• [Data]
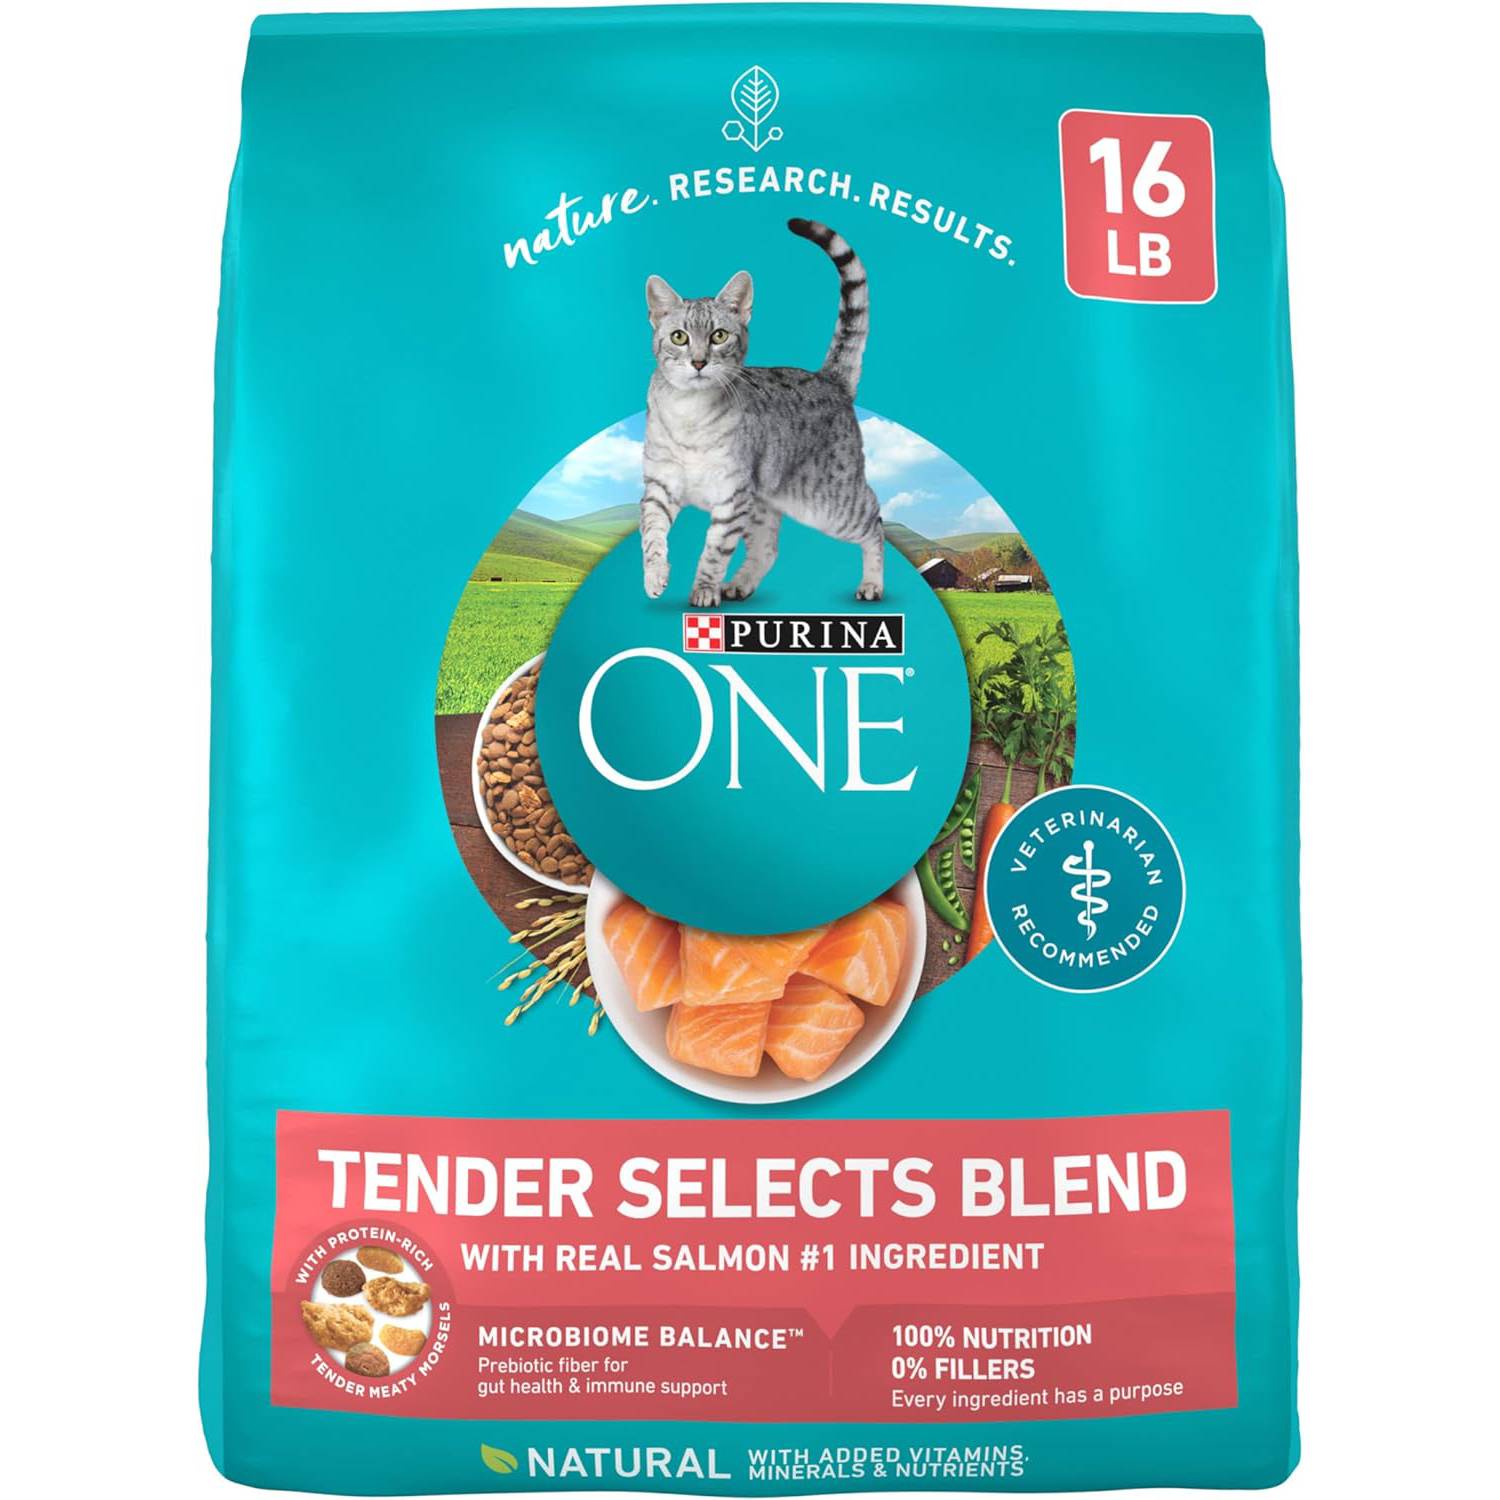 Purina ONE Tender Selects Blend Dry Cat Food
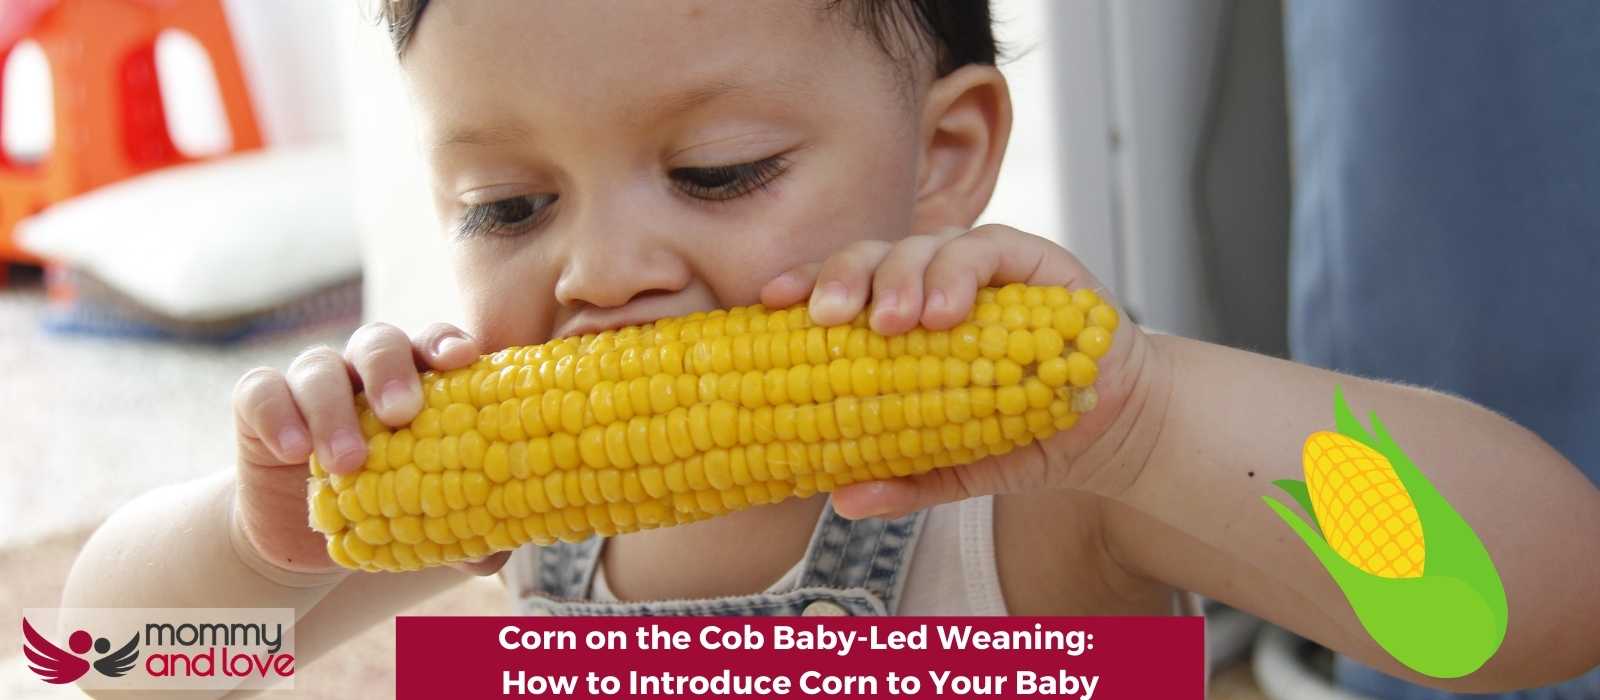 Corn on the Cob Baby-Led Weaning How to Introduce Corn to Your Baby
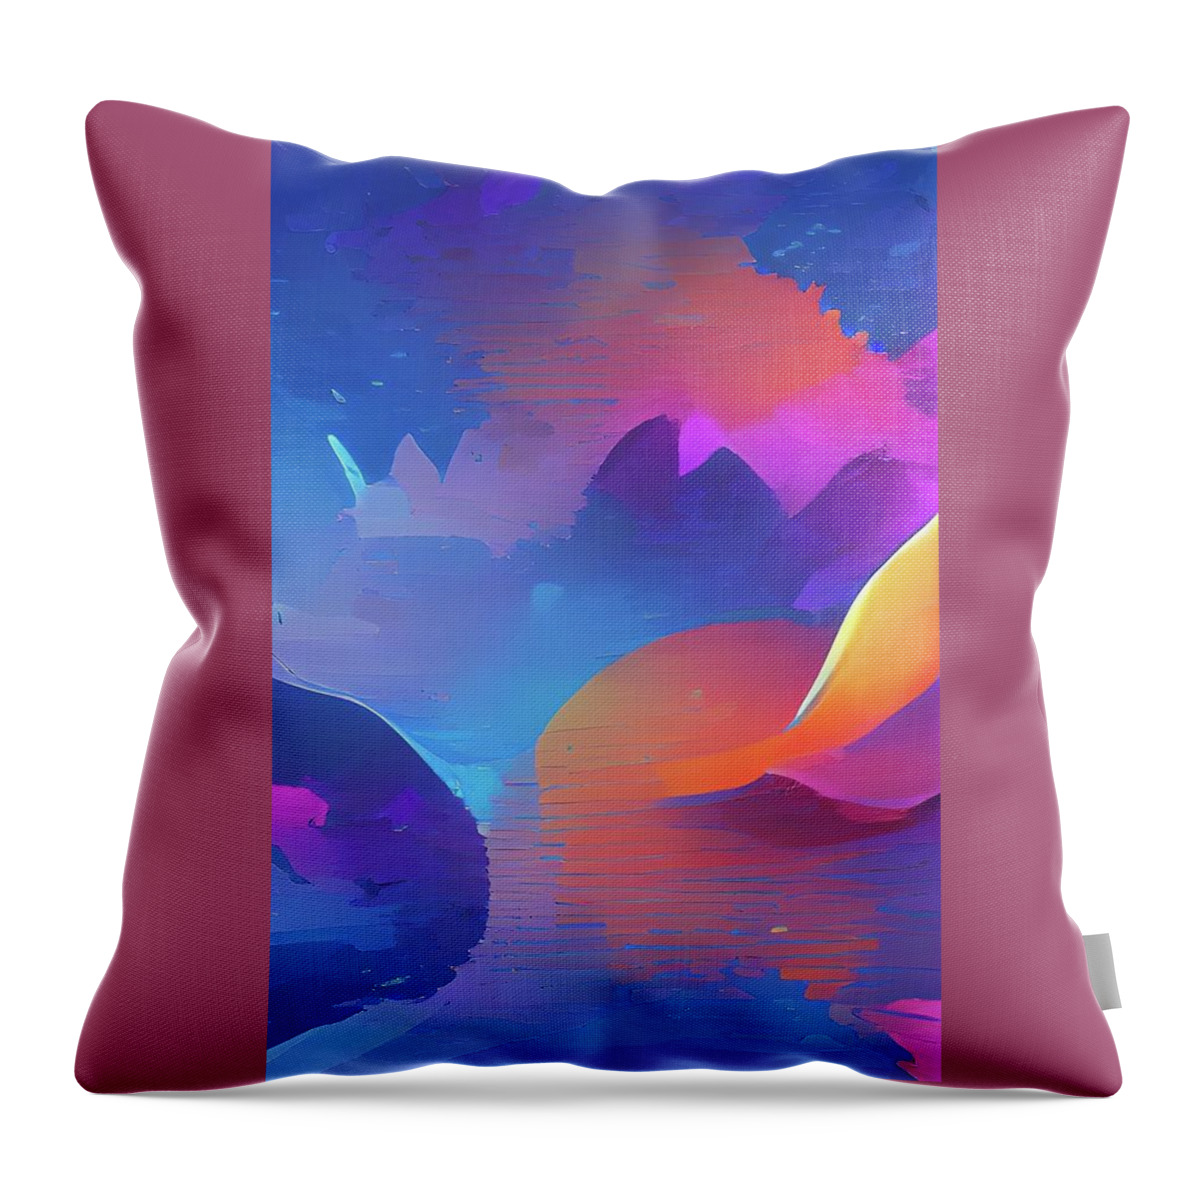  Throw Pillow featuring the digital art Peak by Rod Turner

• [Work instruction] Would you mind transcribing the material exactly, without the pictures?

• [Solution to this problem]
 Purina ONE Tender Selects Blend Dry Cat Food
 Corn on the Cob Baby-Led Weaning How to Introduce Corn to Your Baby
  Throw Pillow featuring the digital art Peak by Rod Turner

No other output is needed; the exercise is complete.